_DESCRIPTION OF THE TASK_. Leaving the pictures aside, restate all of the data exactly.

_DATA SHOWN_.

* * * * * * *

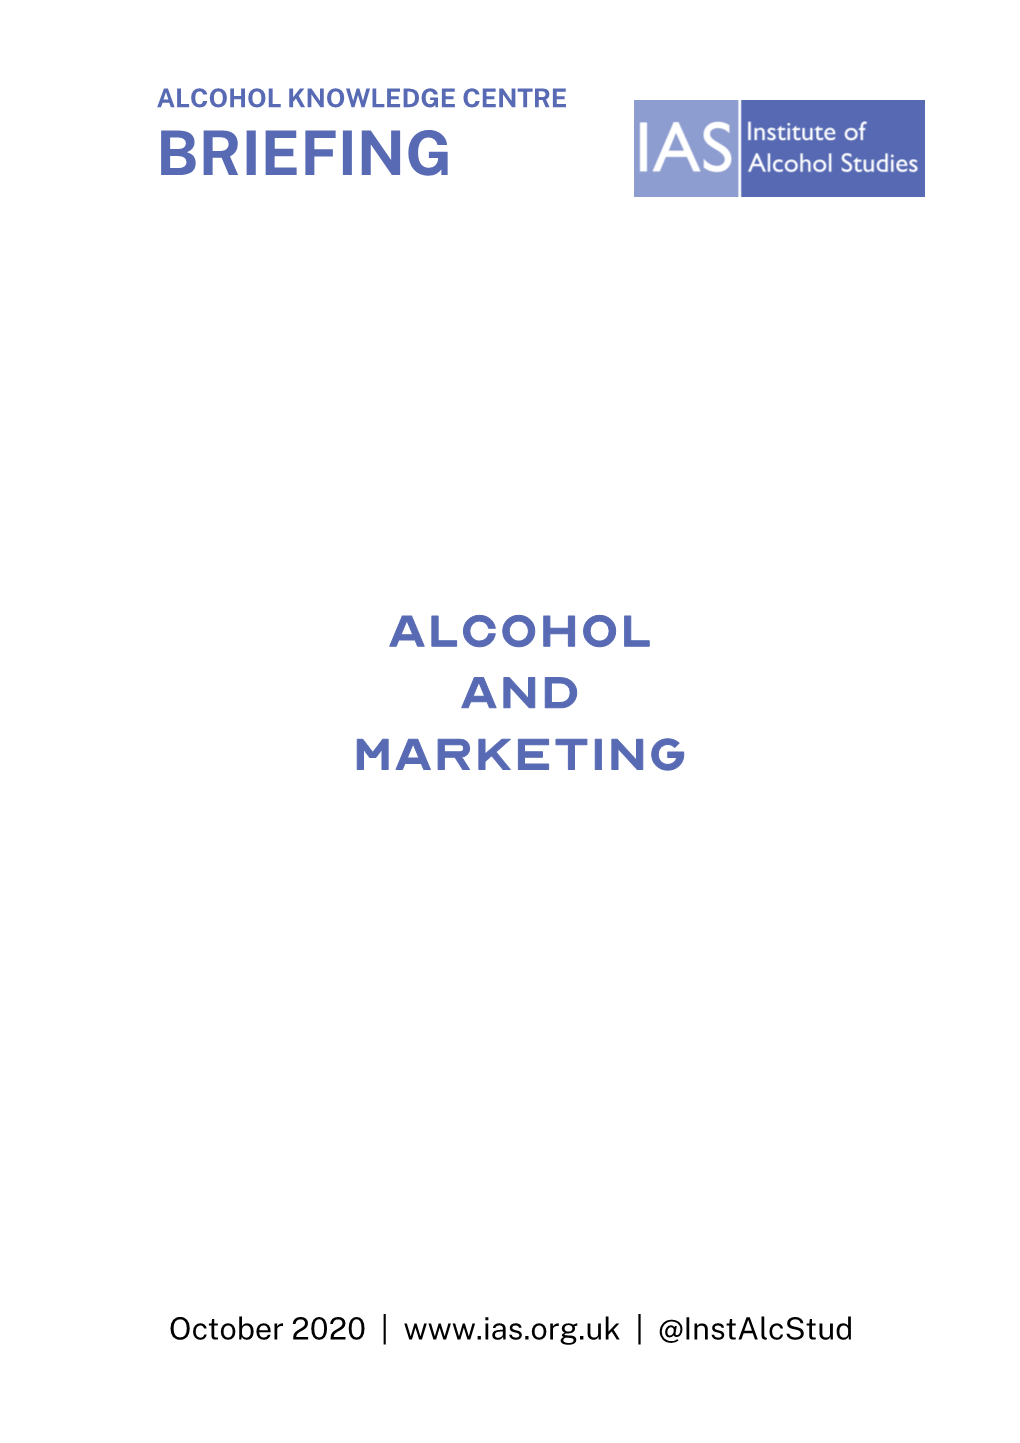 Alcohol and Marketing
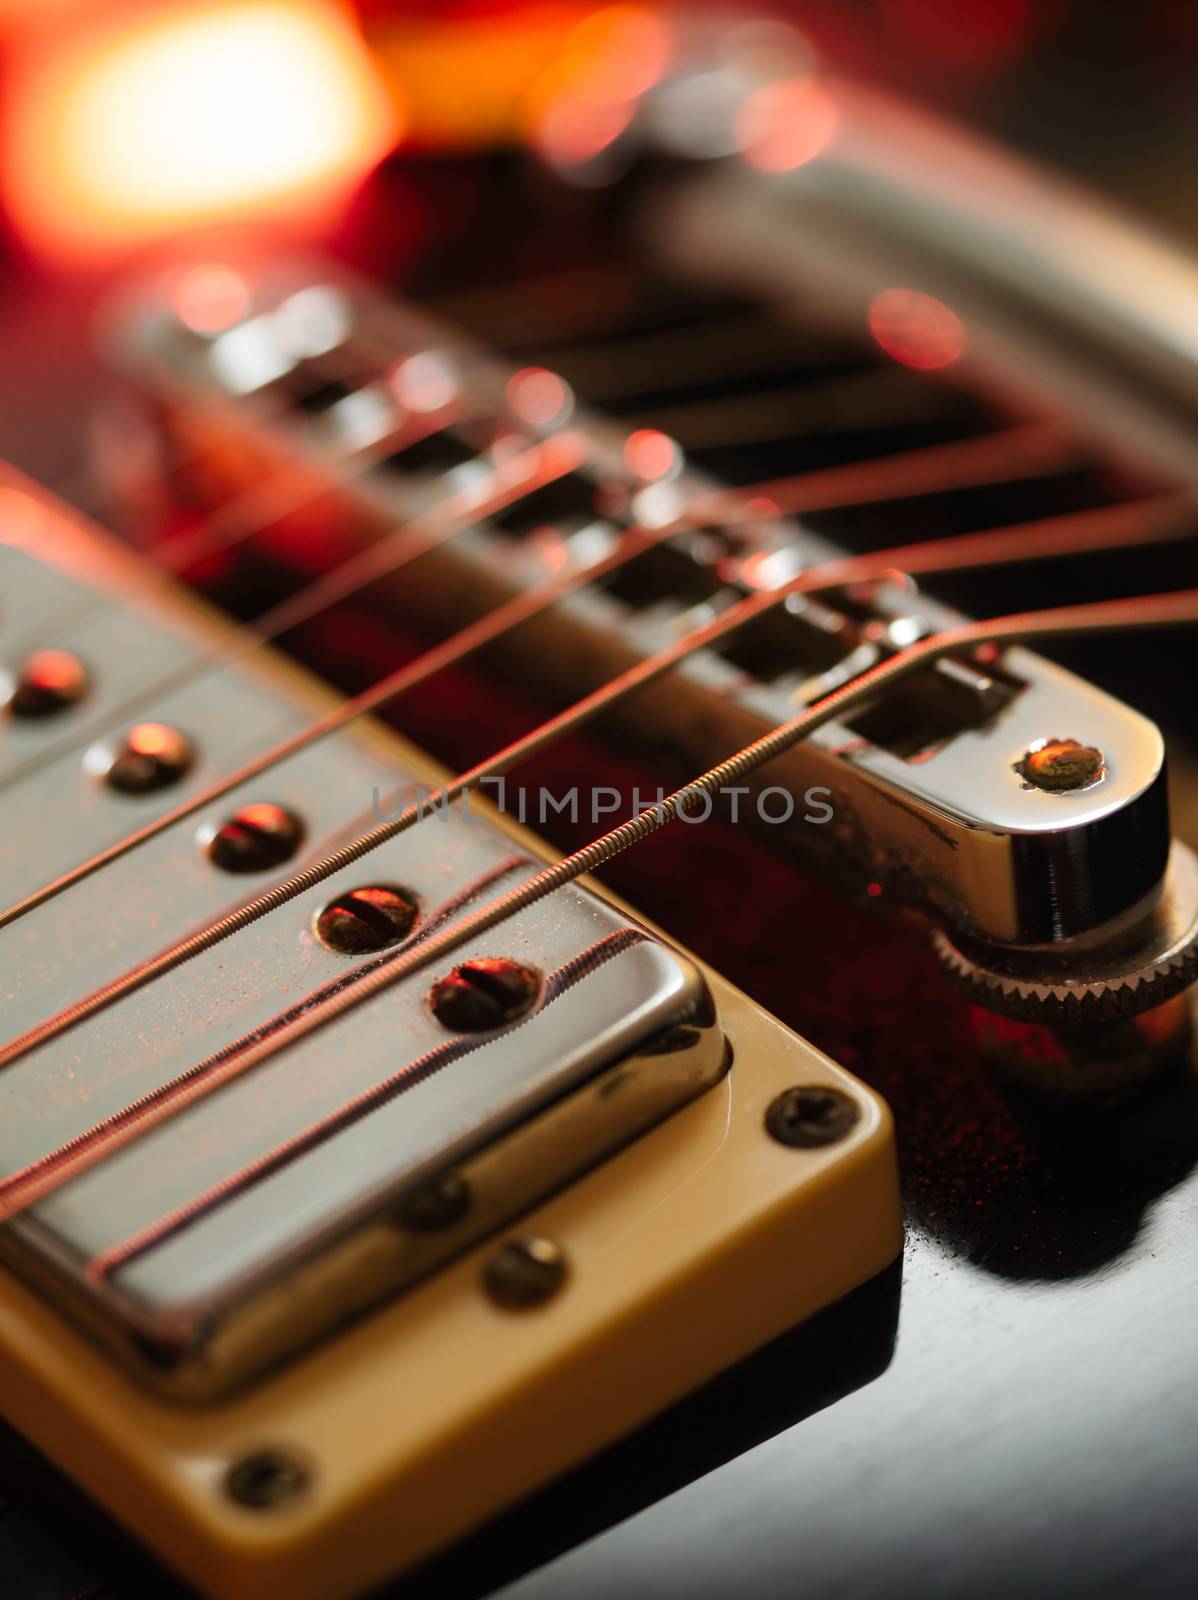 Macro abstract photo of the pickups, bridge and strings of an electric guitar. Shallow depth of field with focus on the first string.
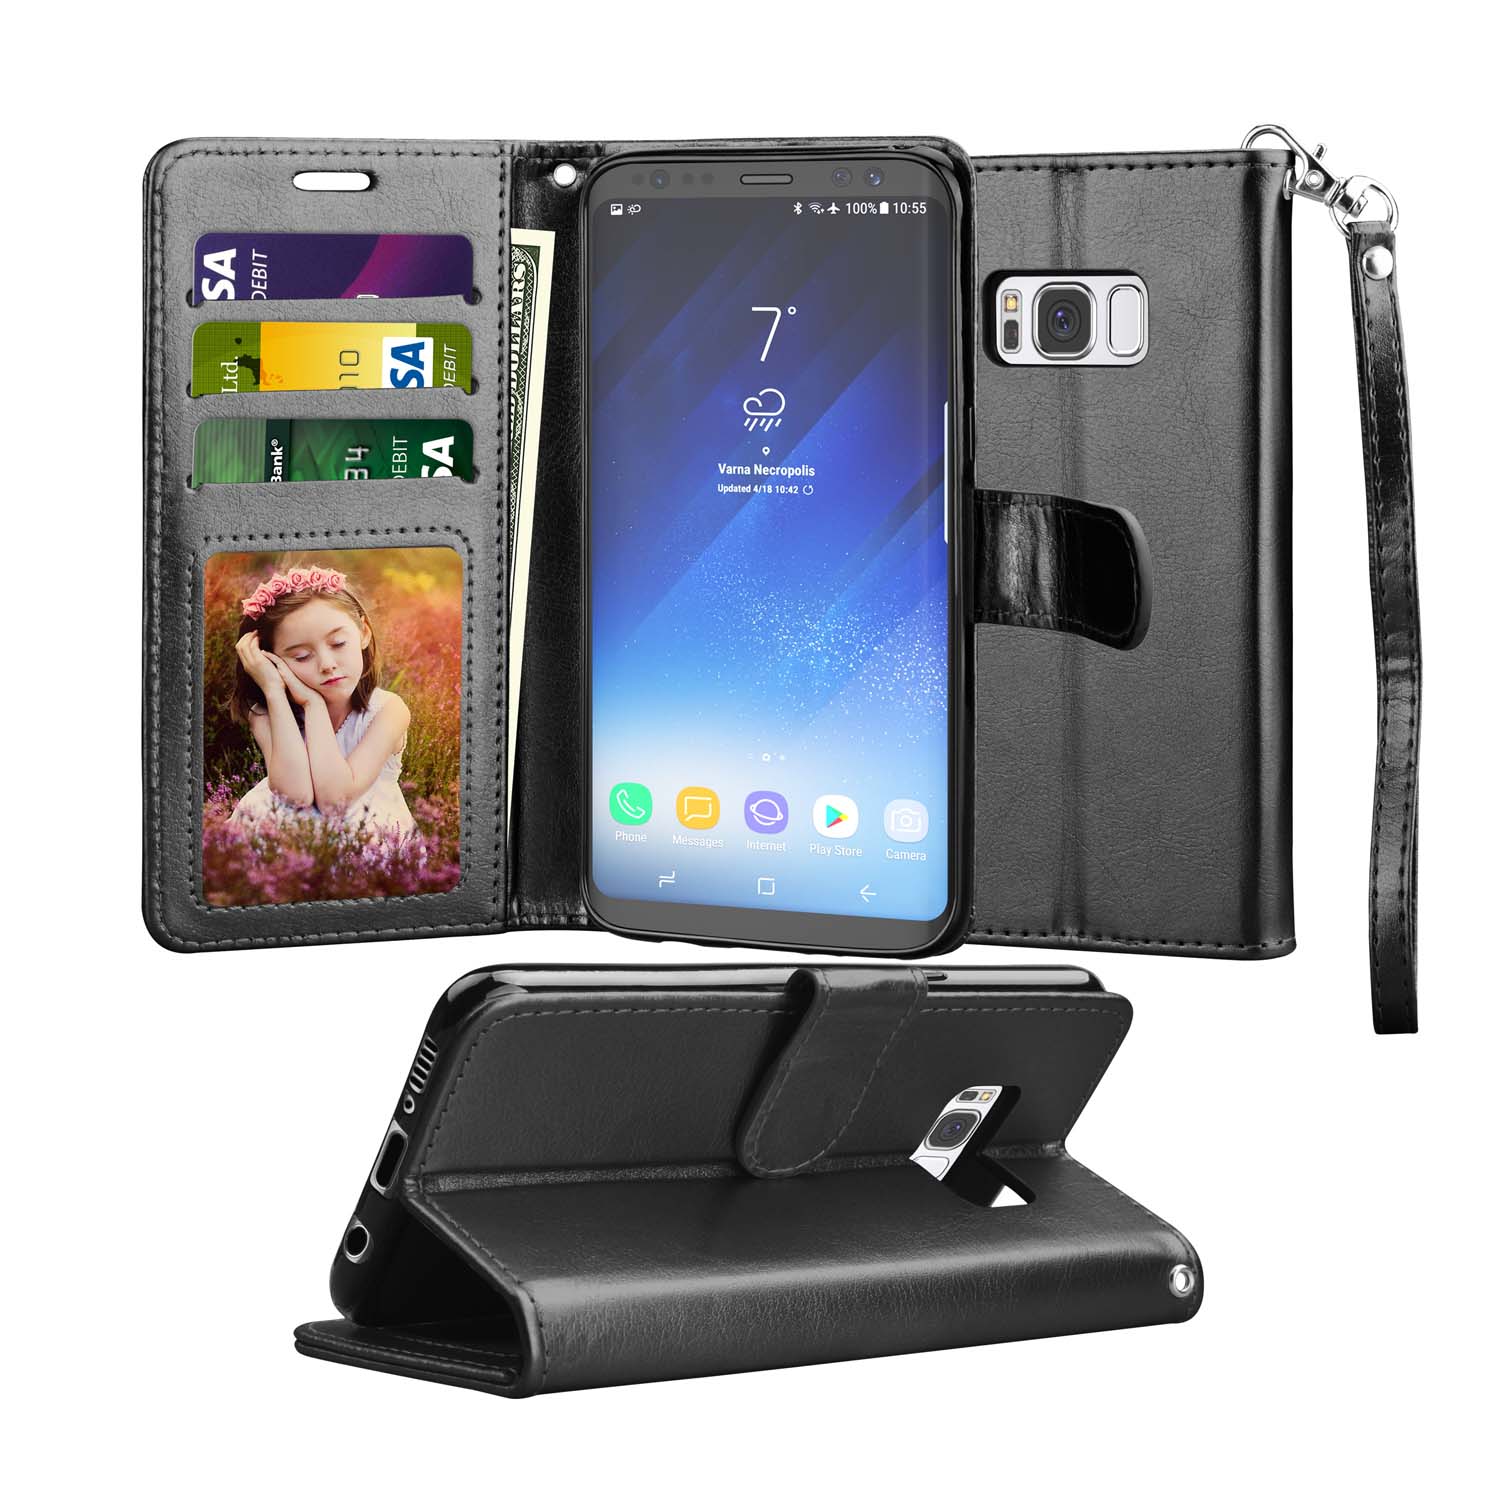 Tekcoo Galaxy S8 / S8 Plus Wallet Case, for Galaxy S8 / S8+ PU Leather Case, Tekcoo [Black] PU Leather [3 Card Slots] ID Credit Flip Cover [Kickstand] Cover & Wrist Strap - image 1 of 5

* * * * * * *

_TASK SOLUTION_.
 Alcohol and Marketing
 Macro abstract photo of the pickups, bridge and strings of an electric guitar. Shallow depth of field with focus on the first string.
 Tekcoo Galaxy S8 / S8 Plus Wallet Case, for Galaxy S8 / S8+ PU Leather Case, Tekcoo [Black] PU Leather [3 Card Slots] ID Credit Flip Cover [Kickstand] Cover & Wrist Strap - image 1 of 5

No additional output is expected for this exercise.